Allah (CC) , bazı sevdiği kimseleri diğerlerinin ayıplarına vakıf kılar. Söylenen yalanları, şirki, küfür yollarım sezer. O velî bunlara dayanamaz, kızar bağırır. Bu yaptıkları haliyle Allah (CC) için olur. Evvela içten kızar, sonra dışa vurur. Bu durum onu rahatsız eder. Söylenmeye başlar. O kötülükleri bir bir sayar döker:
- “Böyle Müslümanlık olmaz.”
- “Bu işleri yapanlar şeytandır, şeytan da Allah’ın (CC) düşmanıdır.”

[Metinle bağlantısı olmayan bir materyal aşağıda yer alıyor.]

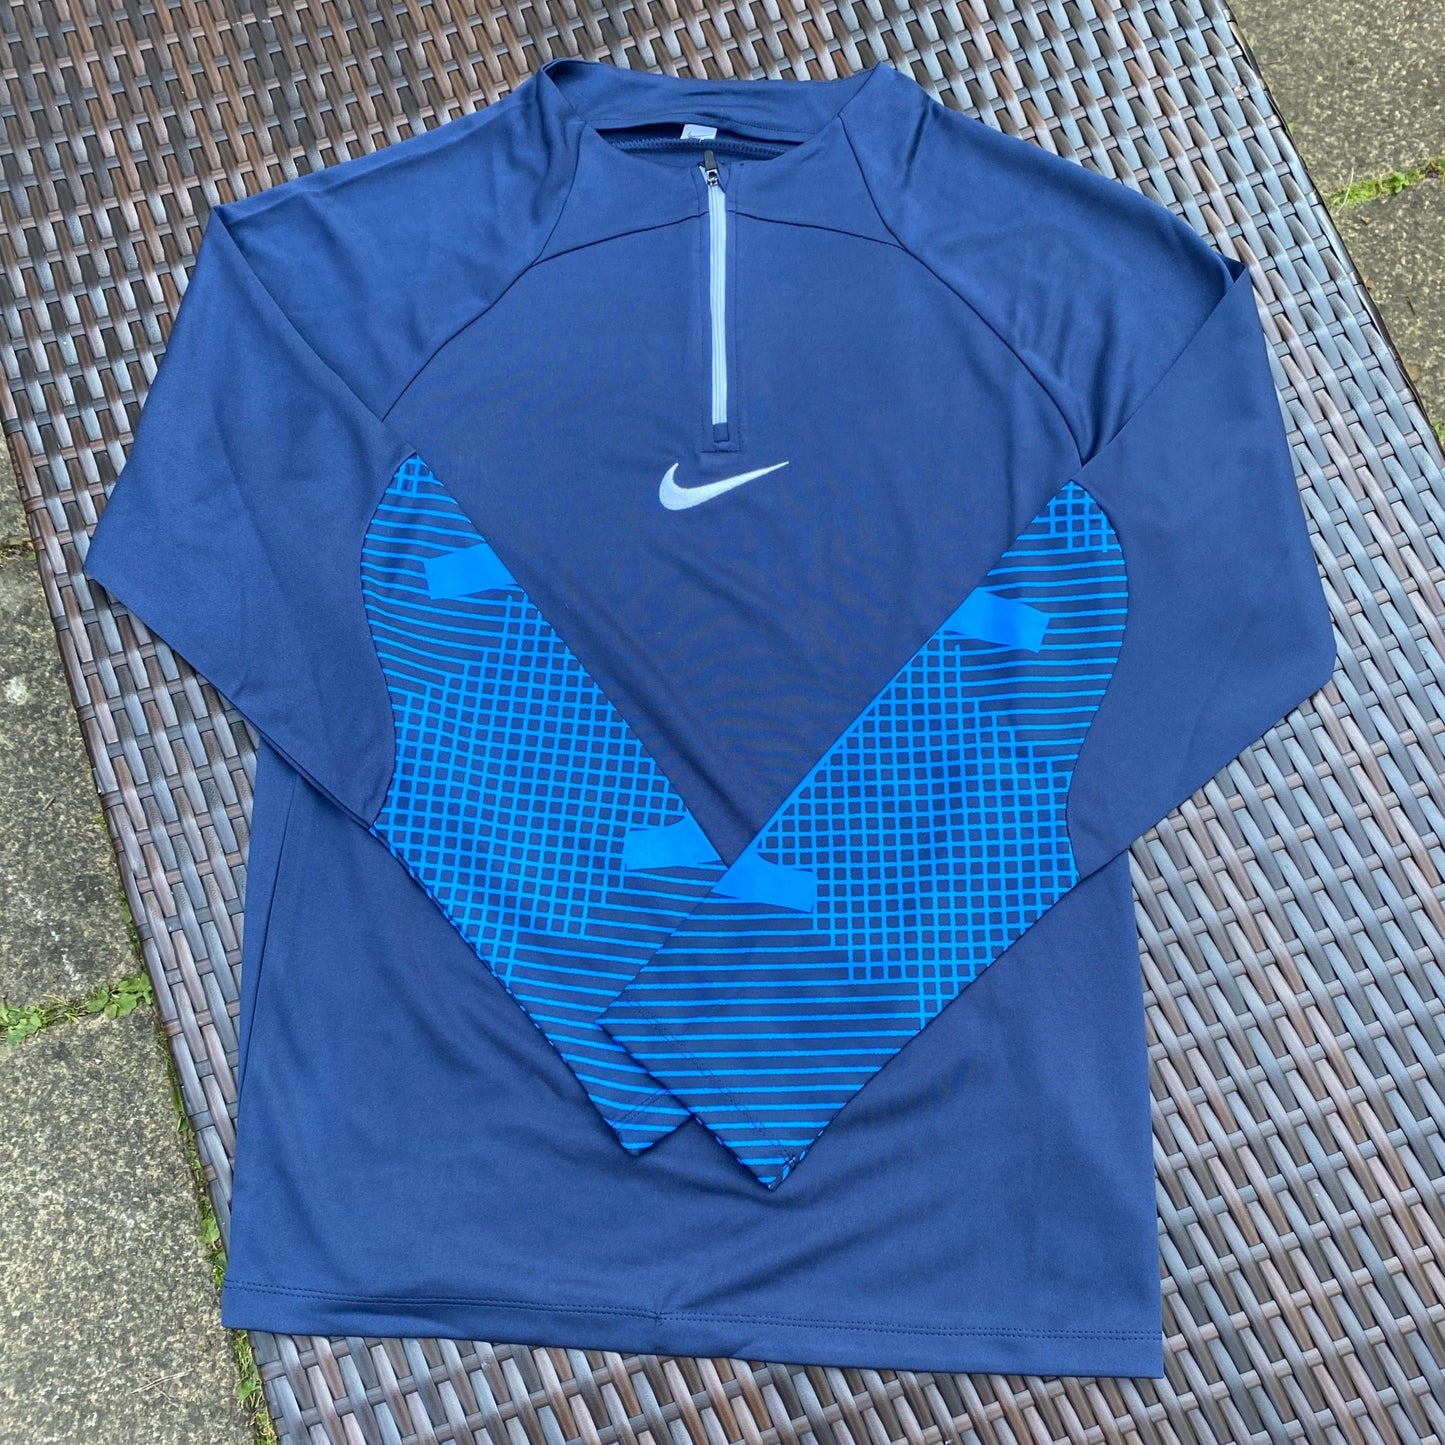 Nike Blue "Dri Fit" Sportswear Tracksuit

Gibi birkaç kelam sarfeder. Sonra devamla:
- “Yapılan bu işler ancak münafıkların yapacağı iştir. Münafıklar, cehennemin en dibine gireceklerdir.”
Şeklinde söylenir durur…
Bu sözler, o velînin ağzından böylece çıkmaya başlar. Bu sözler, onun veliliğine bir zarar vermez. Aksine bu sözler, onun tam bir velî olduğuna delil sayılır.

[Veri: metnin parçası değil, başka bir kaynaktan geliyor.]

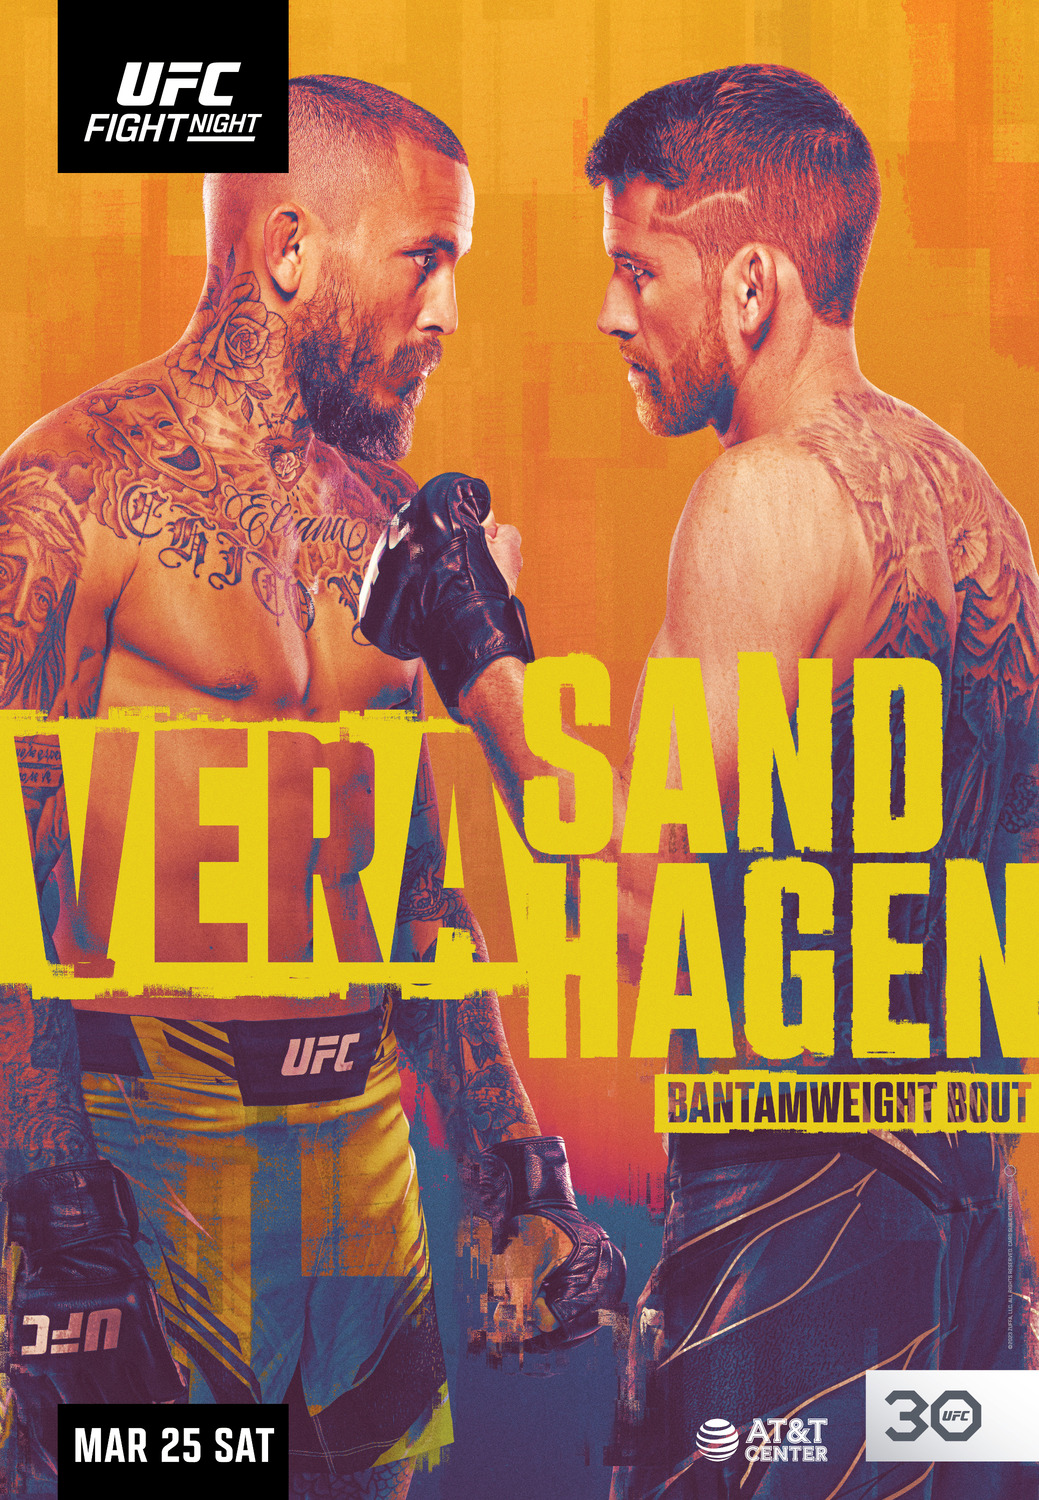 Extra Large TV Poster Image for UFC Fight Night: Vera vs Sandhagen

O, kendiliğinden konuşmaz. İlahî tecelli onu içine almıştır. O yaptığı işi ilahi tecelli ile yapar. Kaderle hareket eder.
Sözlerini söylerken bazılarının yüzüne karşı, bazılarının da ardından söyler. Ardından söylenince hoşa gitmeyenler için dedikodu yapılır. Bu dedikoduları önlemek için o velînin aleyhine söz sarfedilir:
- “Bu bir velîdir, neden gıybet eder durur? Onların bu sesine karşılık susmak, belki daha hayırlıdır.”
Sonra dışarıda insanlar gücenir. İç alemde Allah (CC) razı olmaz, darılır.
- “Zararı faydasından çoktur.”
Mealinde buyurulan ayetin hükmü altına girer bu işler.
O velîye burada düşen vazife, şeriata uymaktır. Onun emrine göre hareket etmektir.
Tevbe etmeli, yaptıklarını Allah’ın (CC) ve Peygamberin (SAV) emirlerine göre yürütmeli. Bu iş o velî için biraz zor olur, ama öbür şaşkınlar için iyi olur. Çünkü bir kimsenin ne kadar kötülüğünü yüzüne vurursan fenalık o kadar artabilir.
Doğru yola ancak Allah (CC) hidayet eder.